» **BRIEF**:
Transcribe the listing exactly; drop the images.
DATA EXTRACT: Begin
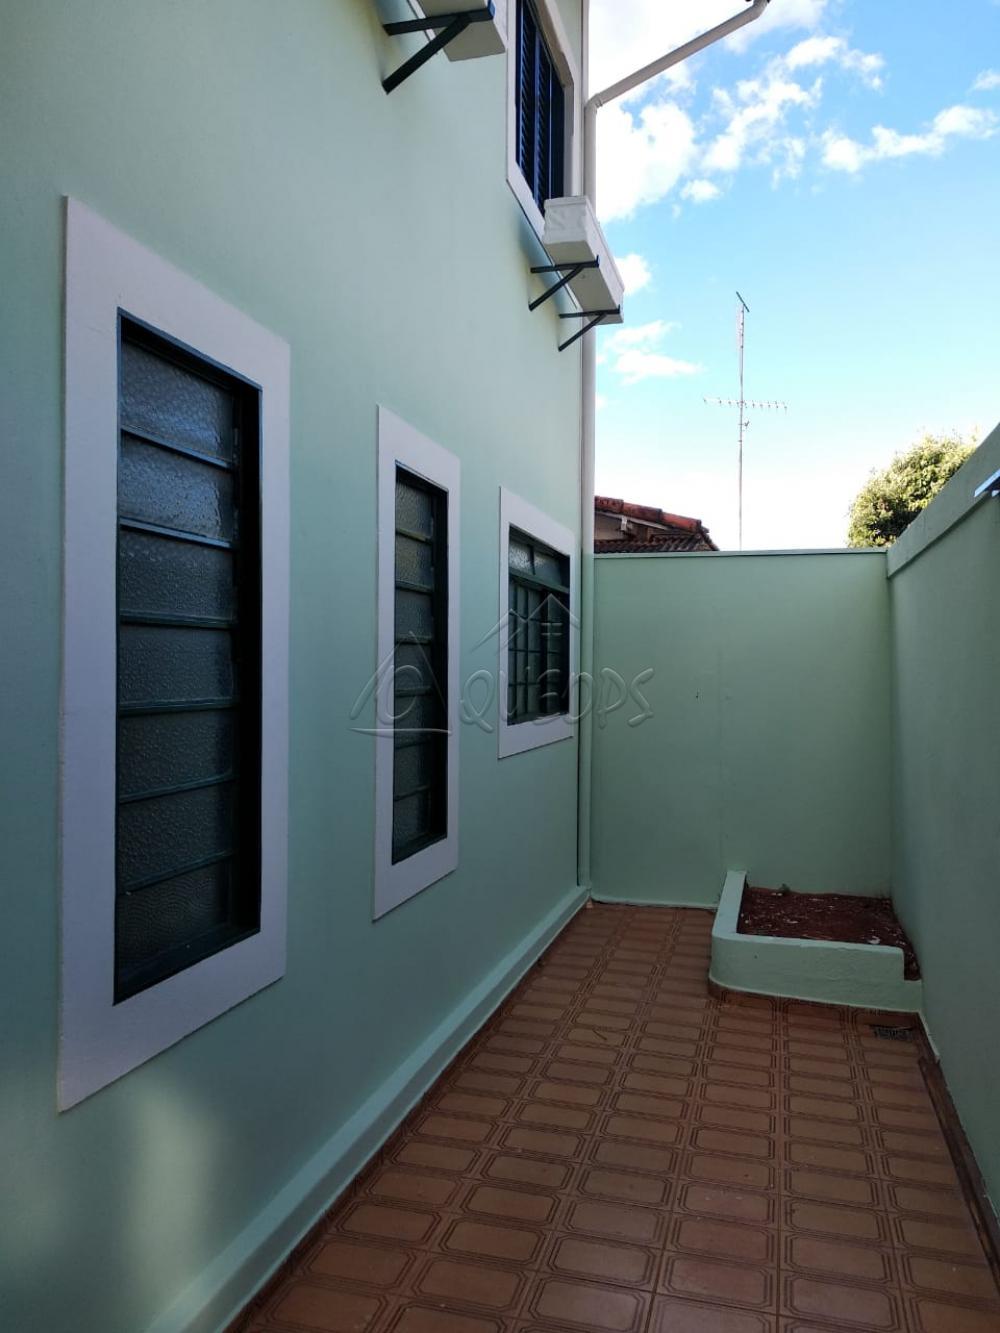 Alugar Casa / Sobrado em Barretos apenas R$ 1.100,00 - Foto 3
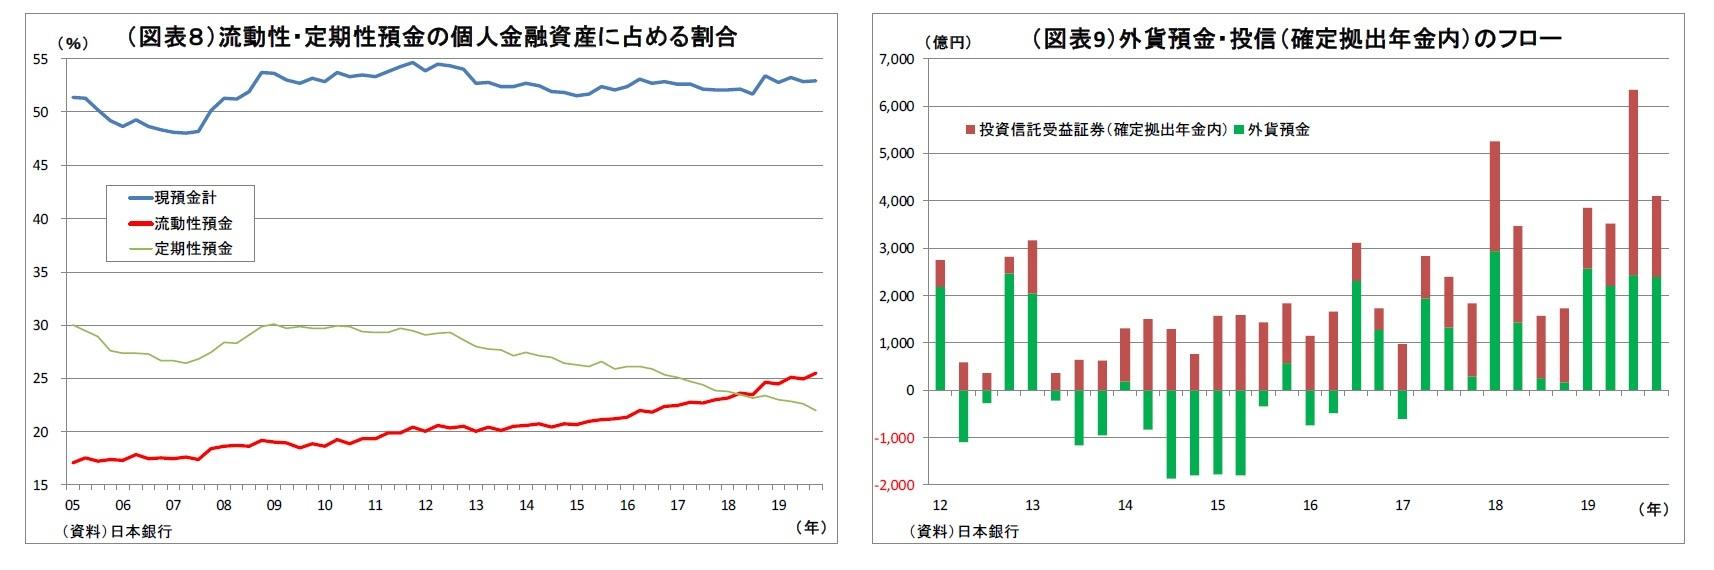 (図表8)流動性・定期性預金の個人金融資産に占める割合/(図表9)外貨預金・投信(確定拠出年金内)のフロー
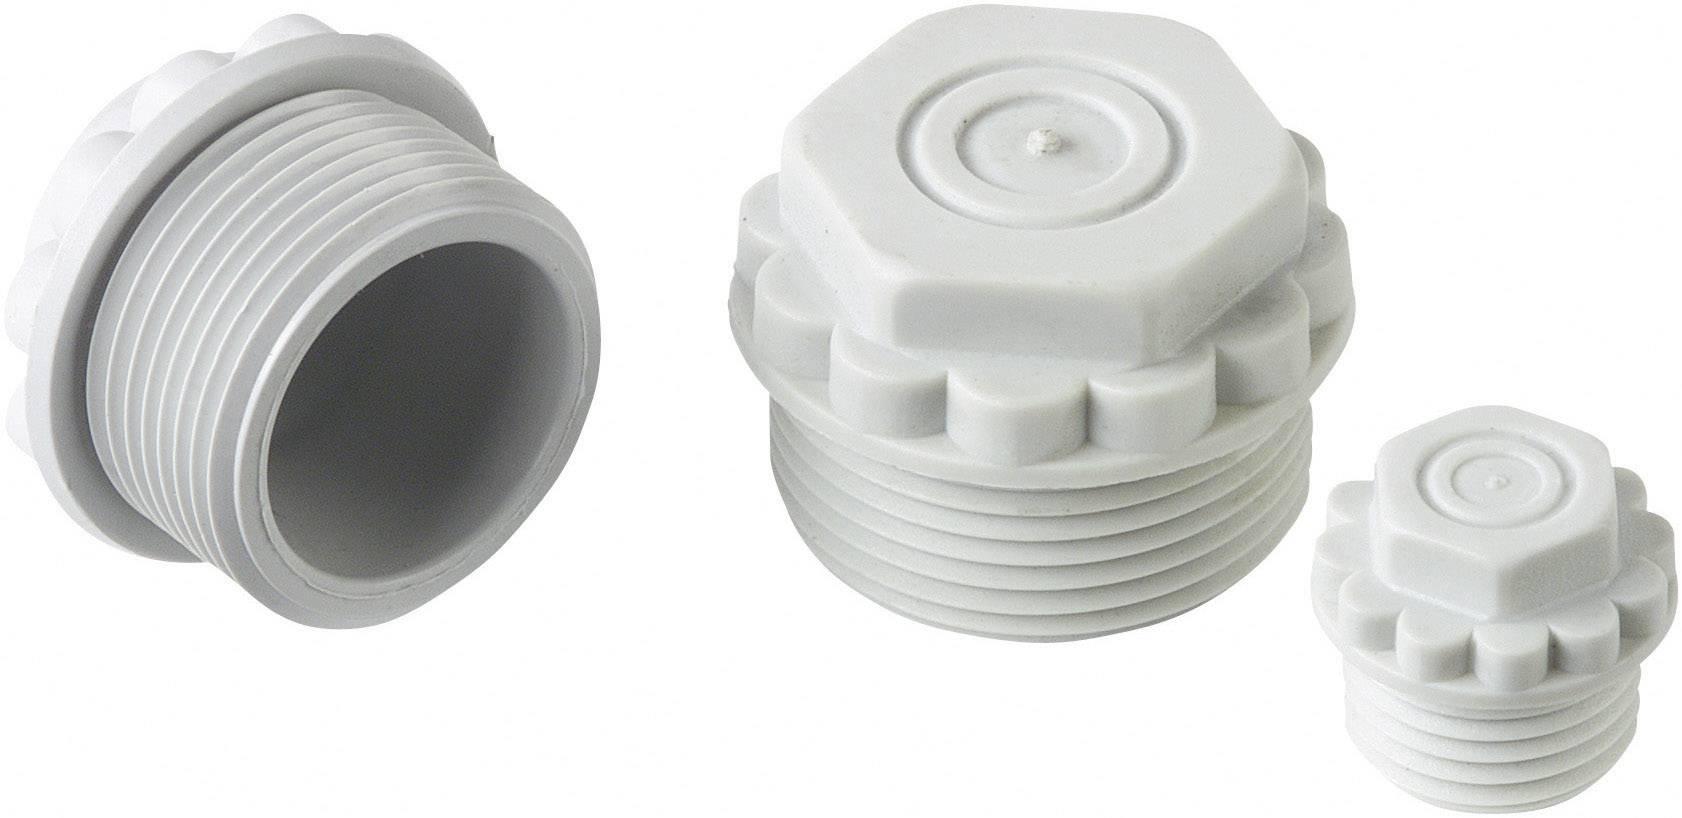 Záslepka LappKabel SKINDICHT® M40, s priepustnou membránou, polystyrén, 1 ks
DATA EXTRACT: End
» **ANSWER FOR THE TASK**:
 Alugar Casa / Sobrado em Barretos apenas R$ 1.100,00 - Foto 3
 (図表8)流動性・定期性預金の個人金融資産に占める割合/(図表9)外貨預金・投信(確定拠出年金内)のフロー
 Záslepka LappKabel SKINDICHT® M40, s priepustnou membránou, polystyrén, 1 ks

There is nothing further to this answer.